BBC Sounds initially used an outsourced recommendation system from a third-party provider. Having knowledge about the inner working of the recommendation systems and the ability to quickly iterate were seen as valuable by the development team, as it proved challenging to request changes to the external provider. The BBC decided it wanted to own the technology and the experience as a whole, and believed they could achieve better value-for-money for TV License-payers by bringing the system in-house. So the BBC Datalab developed a hybrid recommendation system named Xantus for BBC Sounds.

BBC Sounds use a factorisation machine approach, which is a mixture of content matching and collaborative filtering. This uses your listening history, metadata about the content, and other users’ listening history to make recommendations in two ways:

It recommends items that have similar metadata to items you have already listened to.
It recommends items that have been listened to by people with otherwise similar listening histories.

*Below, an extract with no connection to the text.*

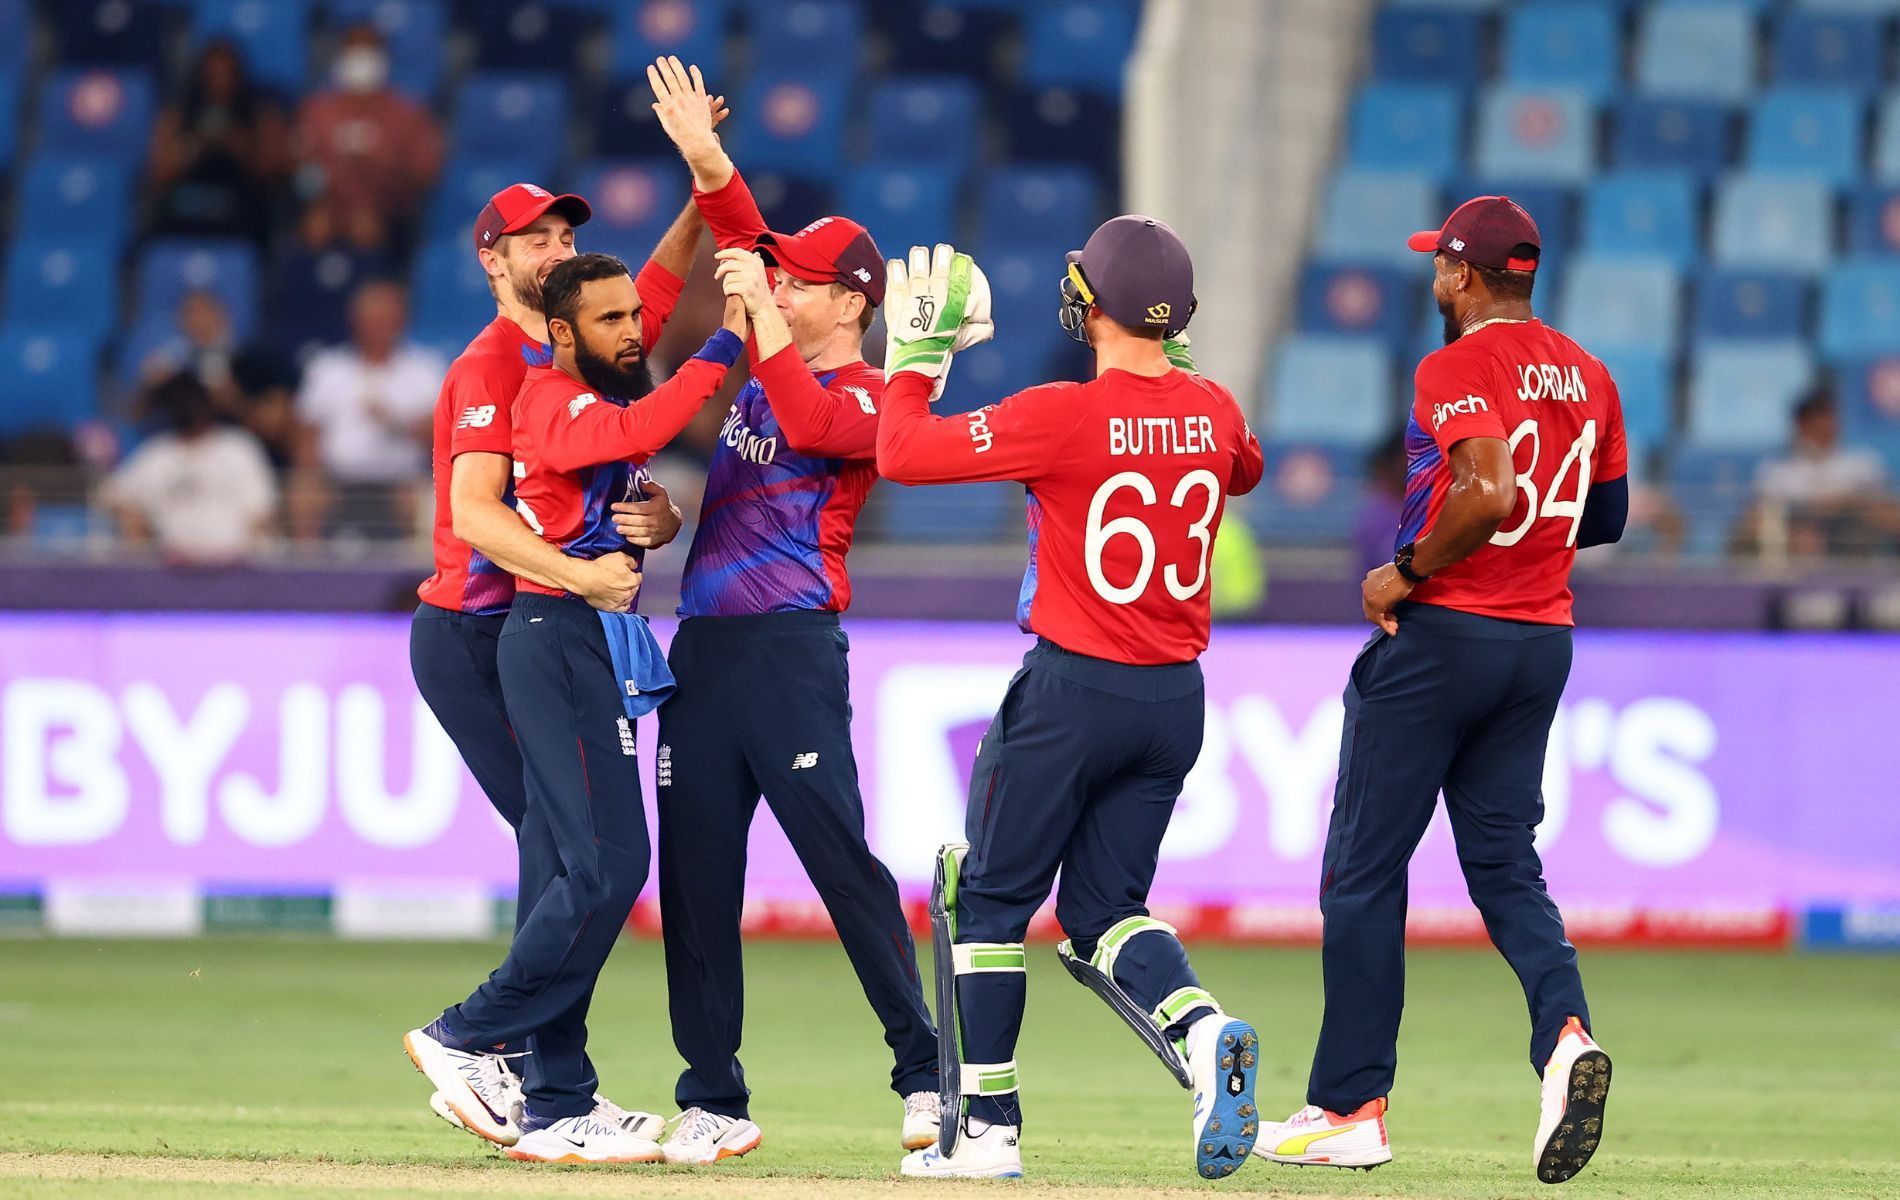 Adil Rashid starred for England, taking four wickets for just two runs.

Figure 5: BBC Sounds’ ‘Recommended For You’ section (image courtesy of the BBC)

Figure 6: ‘Music Mixes’ on BBC Sounds (image courtesy of the BBC)

Criteria (and how they relate to public service media values)

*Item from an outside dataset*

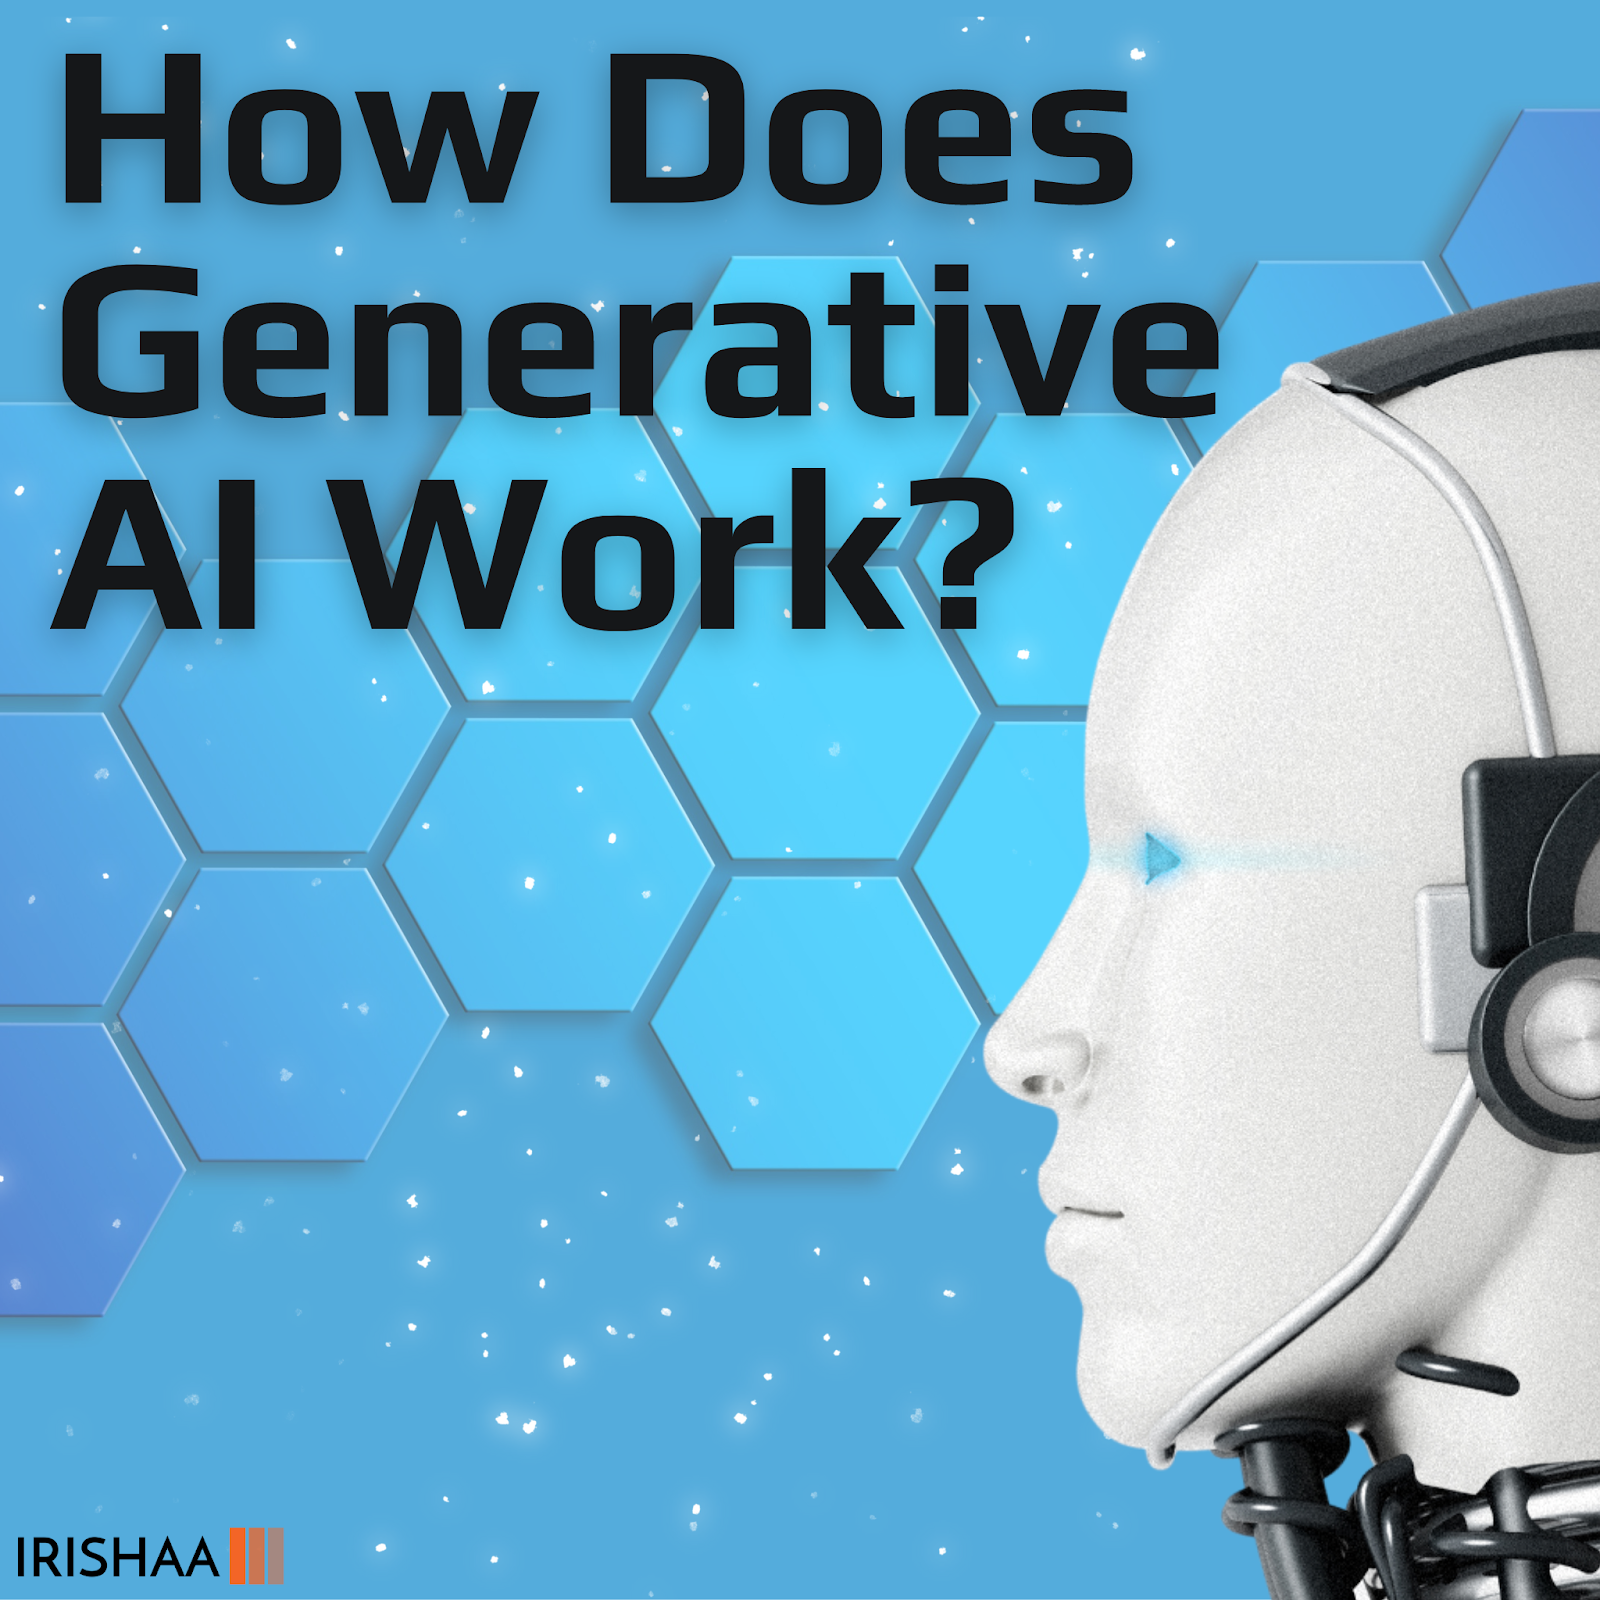  How Does Generative AI Work?

On top of this factorisation machine approach are a number of business rules. Some rules apply equally across all users and constrain the set of content that the system recommends content from, e.g. only selecting content from the past few weeks. Other rules apply after individual user recommendations have been generated and filter the recommendations based on specific information about the user, e.g. not recommending content the user has already consumed.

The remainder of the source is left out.